The commercial real estate market is experiencing significant economic difficulties. This puts the creditor banks at risk for the debts associated with these assets. Anne-Sophie Alsif explains why official communications from central banks and governments point to a possible – but still limited – systemic risk.

In the United States and the euro area, commercial real estate is showing a significant loss of profitability as well as a decline in the number of transactions. According to the European Central Bank’s Financial Stability Report published at the end of 2023, rising interest rates and general uncertainty, combined with the inherent illiquidity of commercial real estate markets, have led to a 47% decrease in the number of commercial real estate transactions in the euro area during the 1st half of 2023 (year-on-year).

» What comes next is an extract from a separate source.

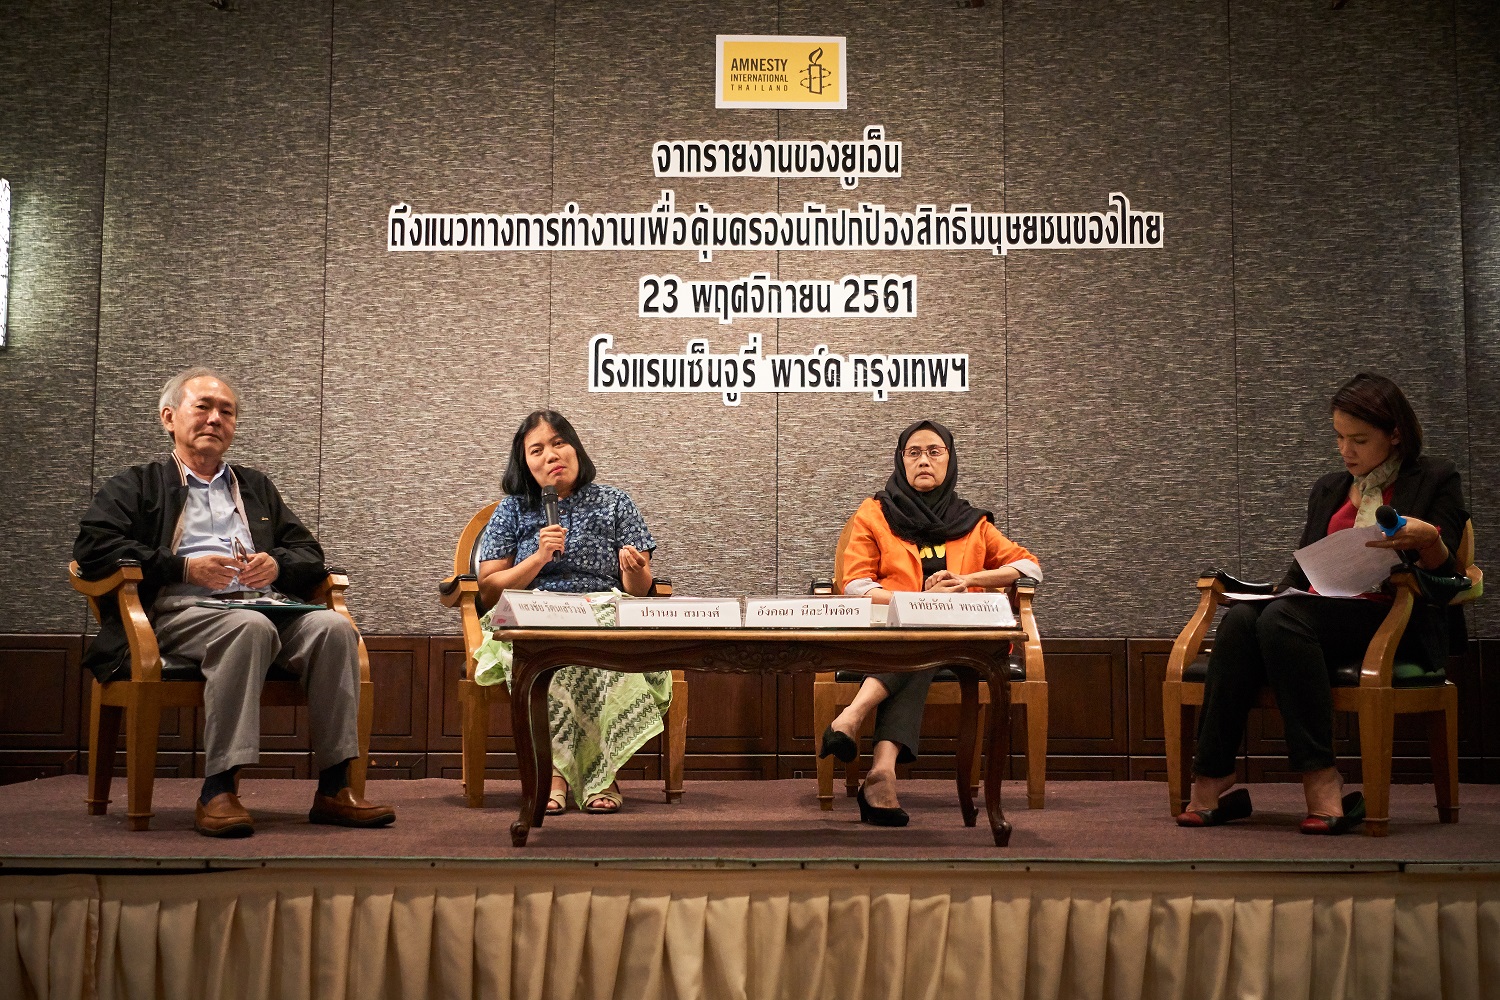 20 ปี ปฏิญญานักปกป้องสิทธิมนุษยชน ความคุ้มครองที่ยังไม่เกิดในไทย

According to the IMF, in the United States – the world’s No. 1 market – prices have fallen by 11% since the Fed began raising interest rates in March 2022.

The least well-placed assets with the worst energy performance are the most affected. According to the ECB, the outlook for the non-prime market is particularly negative. According to Immostat, the immediately available supply of offices in Paris has reached an unprecedented level. Similar phenomena are observed in other countries such as China. According to the National Bureau of Statistics, in the summer of 2023, the office vacancy rate reached an all-time high of 18%. According to the ECB, the decline in profitability exposes borrowers who own commercial real estate to potential debt service risks.

Regional banks’ exposure to commercial real estate

Although generally small, banks’ exposure to these assets can pose a stability risk, particularly in the United States, particularly via regional banks. Within the euro area, banks have around 10% of loans exposed to commercial real estate. However, the weaknesses of this portfolio have been proven. Moody’s, for example, has carried out numerous downgrades for real estate companies, regularly referring to the deterioration of debt-to-asset ratios. According to the Mortgage Bankers Association, about $1.2 trillion of commercial real estate debt in the U.S. will mature by 2026 (25% office and retail), most of which is owned by banks. In addition, in the US, risk is concentrated in regional banks. According to Goldman Sachs, banks hold 50 percent of the country’s real estate debt, 75 percent of which is concentrated in small and medium-sized banks — almost 40 percent of the total. According to the IMF, these regional banks are five times more exposed than the big banks.

While not systemic, the risks could exacerbate an imbalance foreign to the real estate sector. According to the ECB, “poor performance in the commercial real estate market can significantly amplify an adverse scenario”, increasing the likelihood that the banking system will suffer systemically important losses. In addition, such an event would weaken other parts of the financial system that are heavily exposed to residential real estate, such as investment funds and insurers. In the U.S., regional banks would face significant declines in the value of commercial real estate loans. This would then pose the risk of a credit crunch that would extend beyond real estate.

All in all, while banks are indeed exposed to a risk related to commercial real estate, it appears that this risk is indirect. A significant shock to another asset class could thus be aggravated by the destabilization of the commercial real estate market. These systemic risks still seem remote, although they should not be overlooked.